PROMPT - The expected output is an exact copy of the lines from the one containing "Vans Era Skate Shoes - (Check Foxing) Black" to the final line below, minus any pictures.

RAW DATA -
■ ■ ■ ■ ■

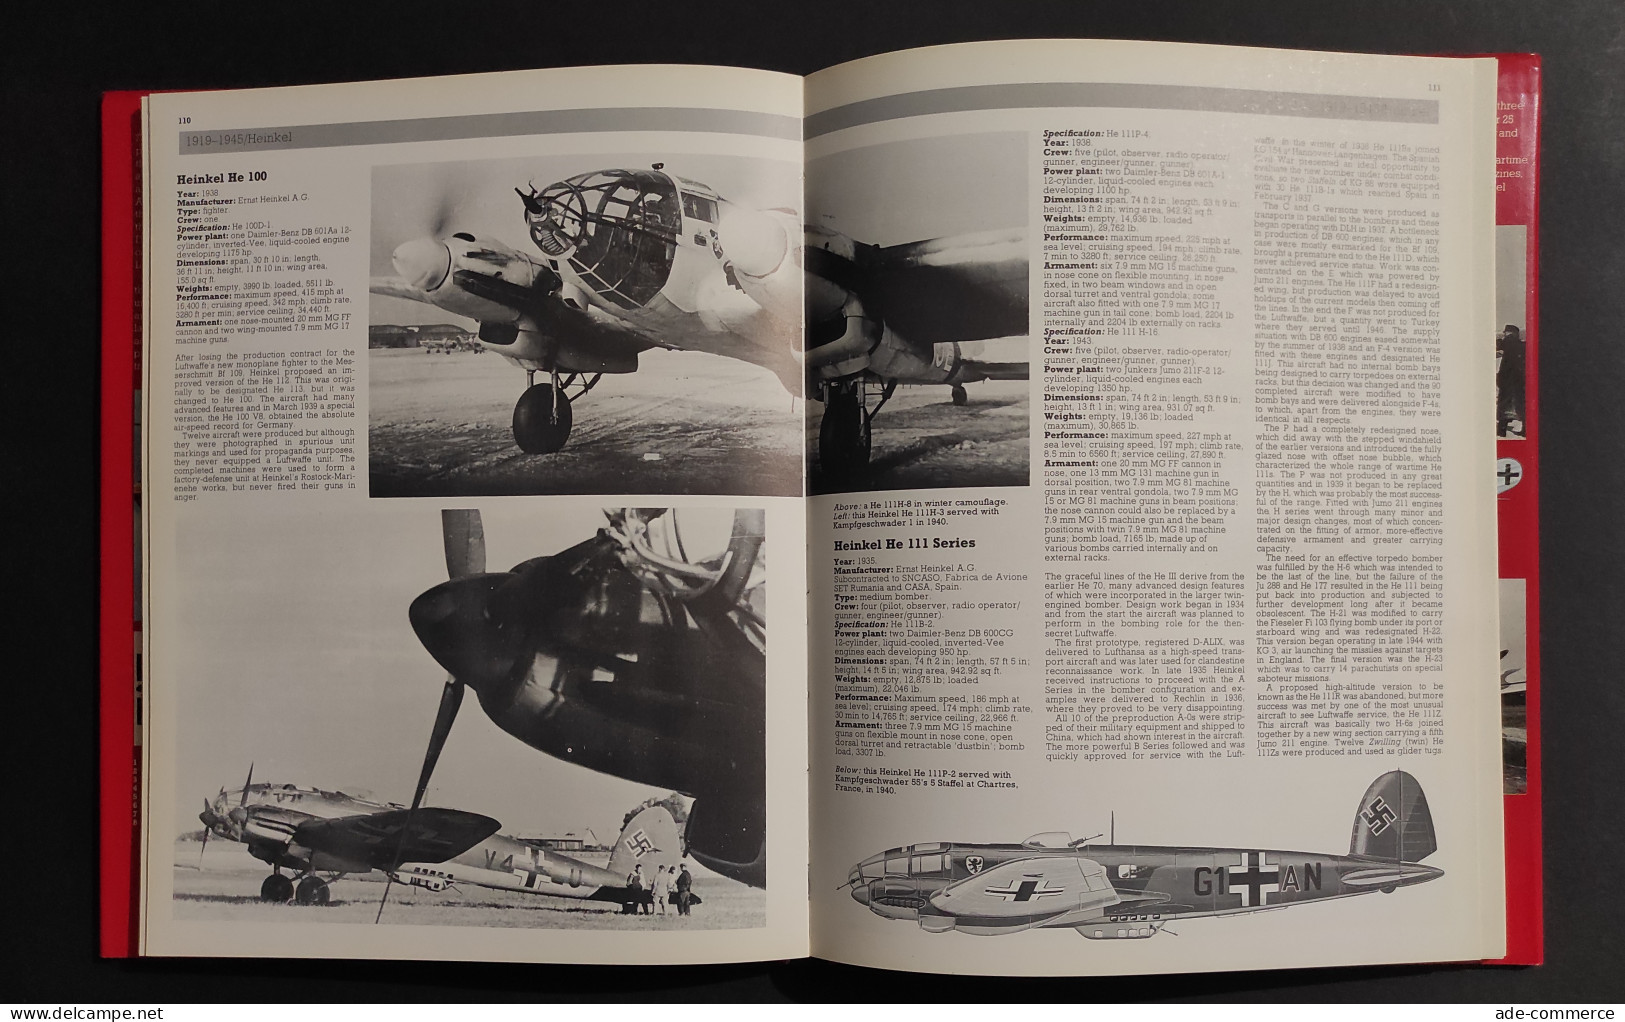 Encyclopedia German Military Aircraft - B. Philpott - Ed. Bison Books - Motoren
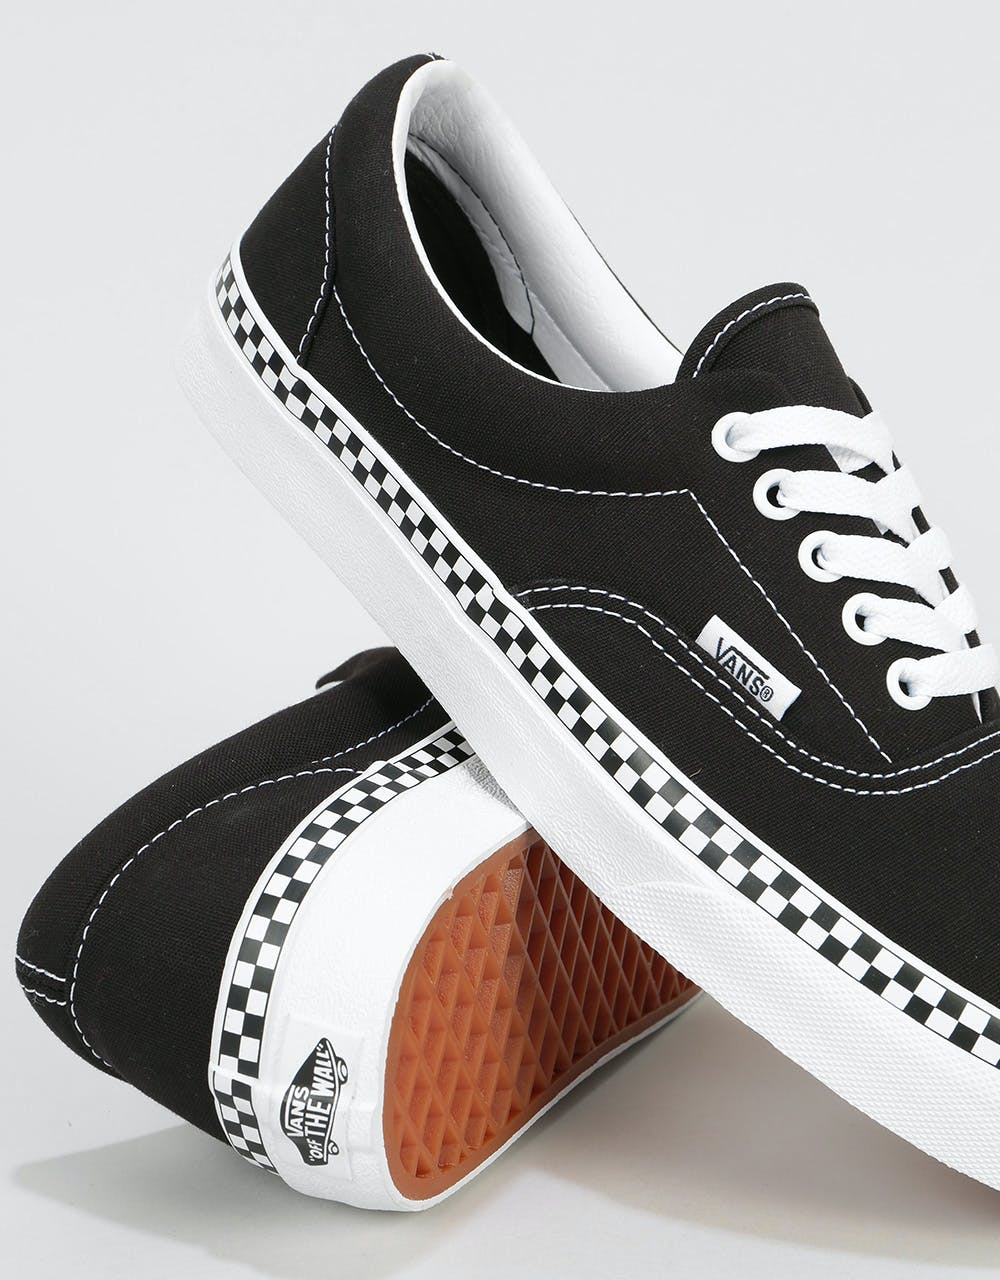 Vans Era Skate Shoes - (Check Foxing) Black
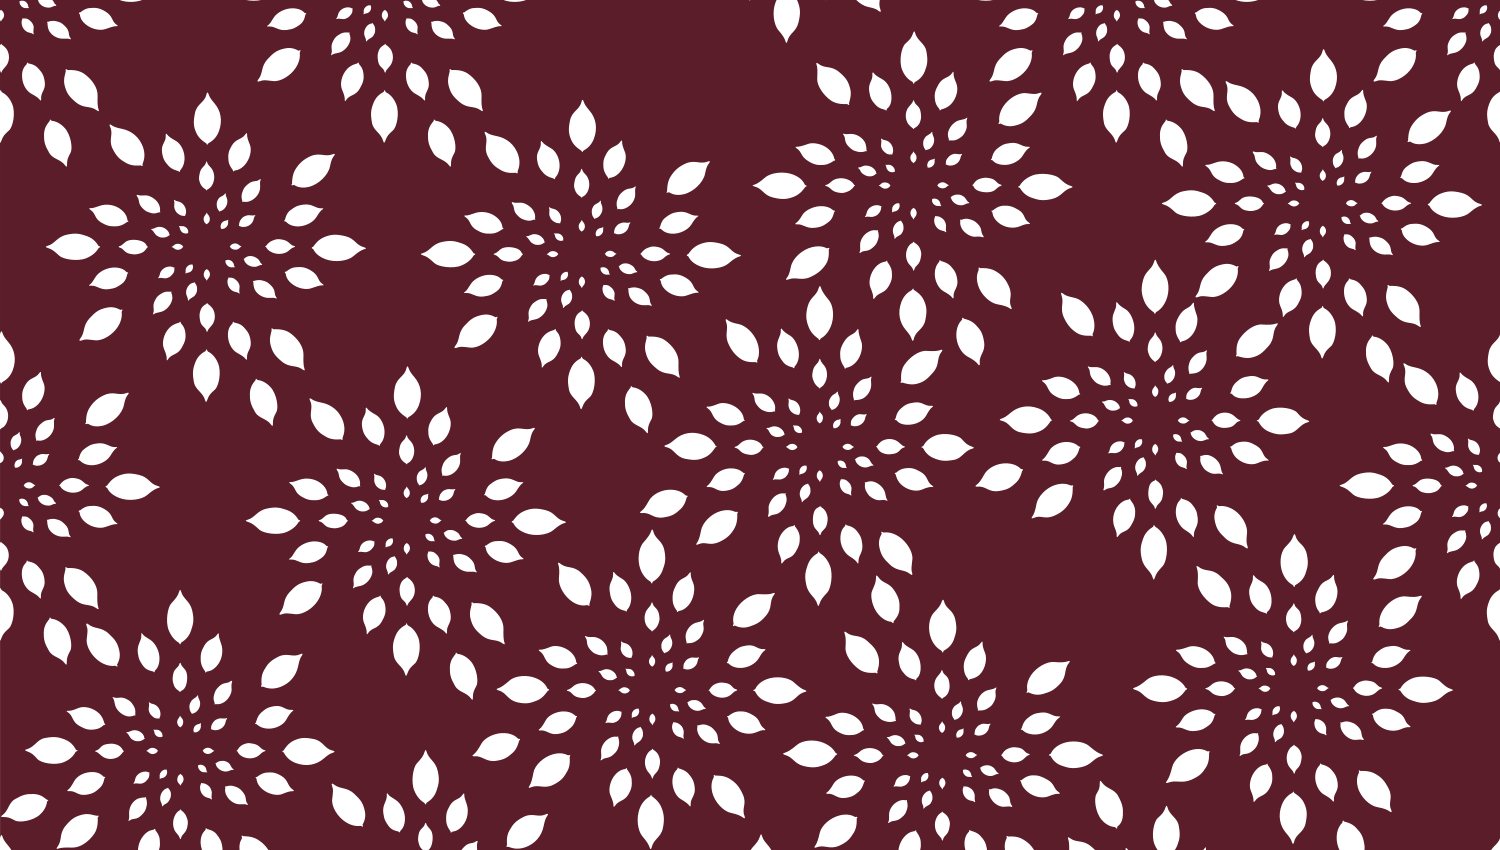 Parasoleil™ Lemon Drop© pattern displayed with a burgundy color overlay
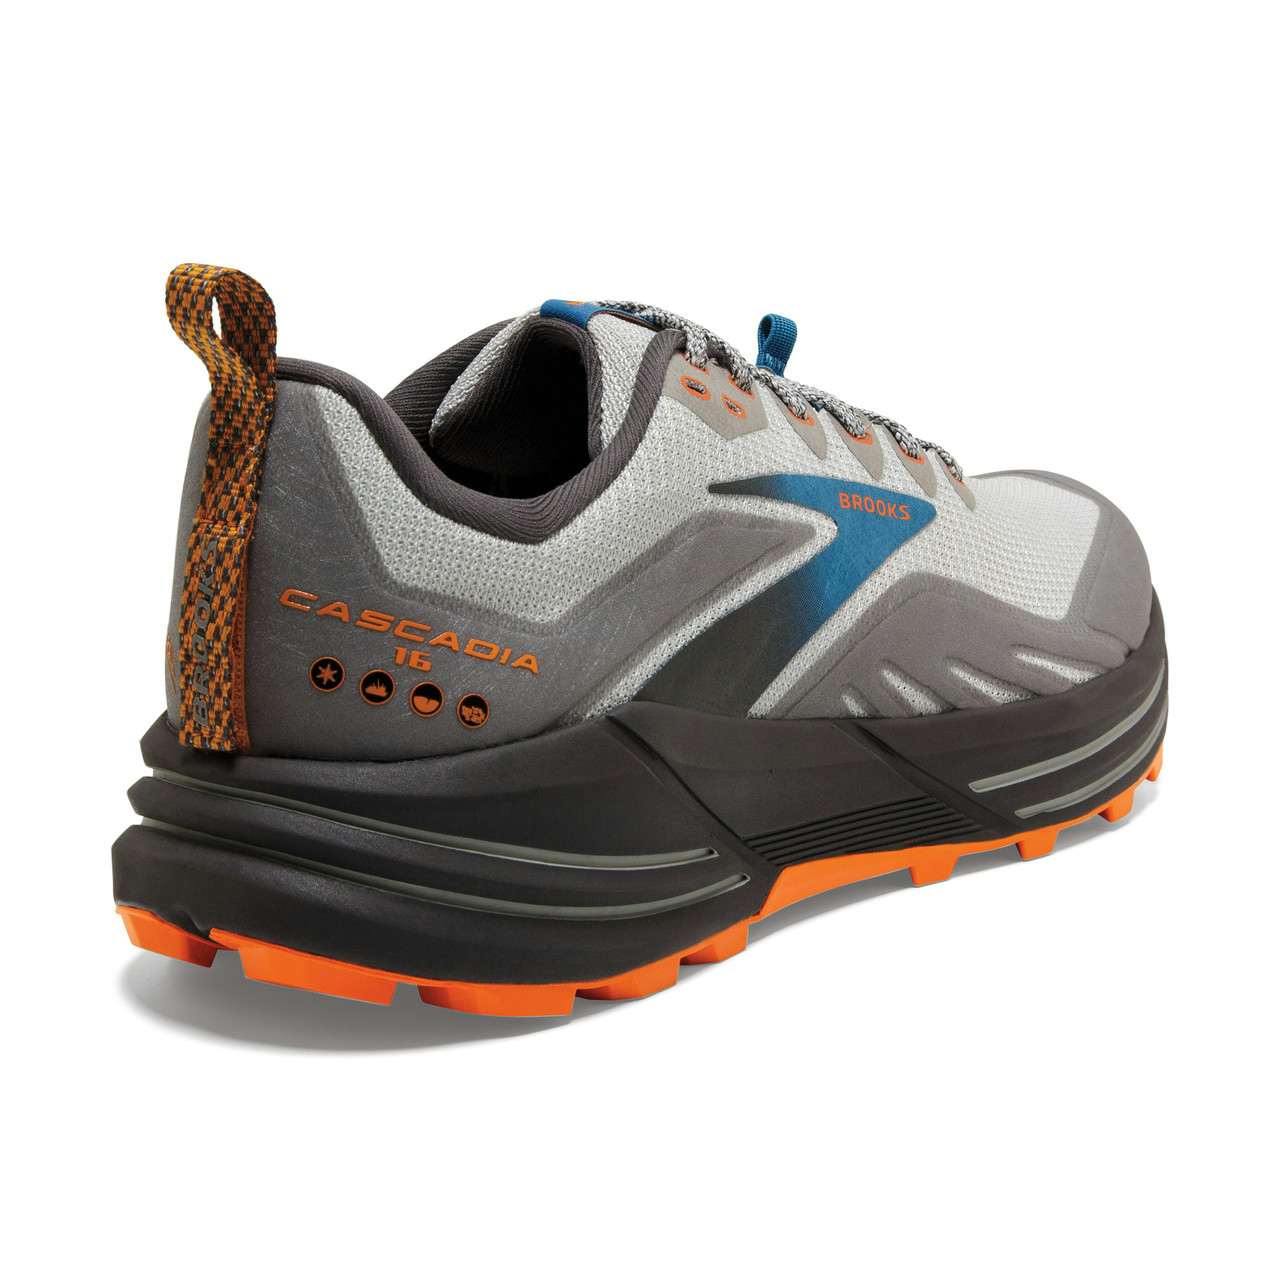 Cascadia 16 Trail Running Shoes Oyster Mushroom/Alloy/Ora

■ ■ ■ ■ ■

OUTPUT -
 Vans Era Skate Shoes - (Check Foxing) Black
 Parasoleil™ Lemon Drop© pattern displayed with a burgundy color overlay
 Cascadia 16 Trail Running Shoes Oyster Mushroom/Alloy/Ora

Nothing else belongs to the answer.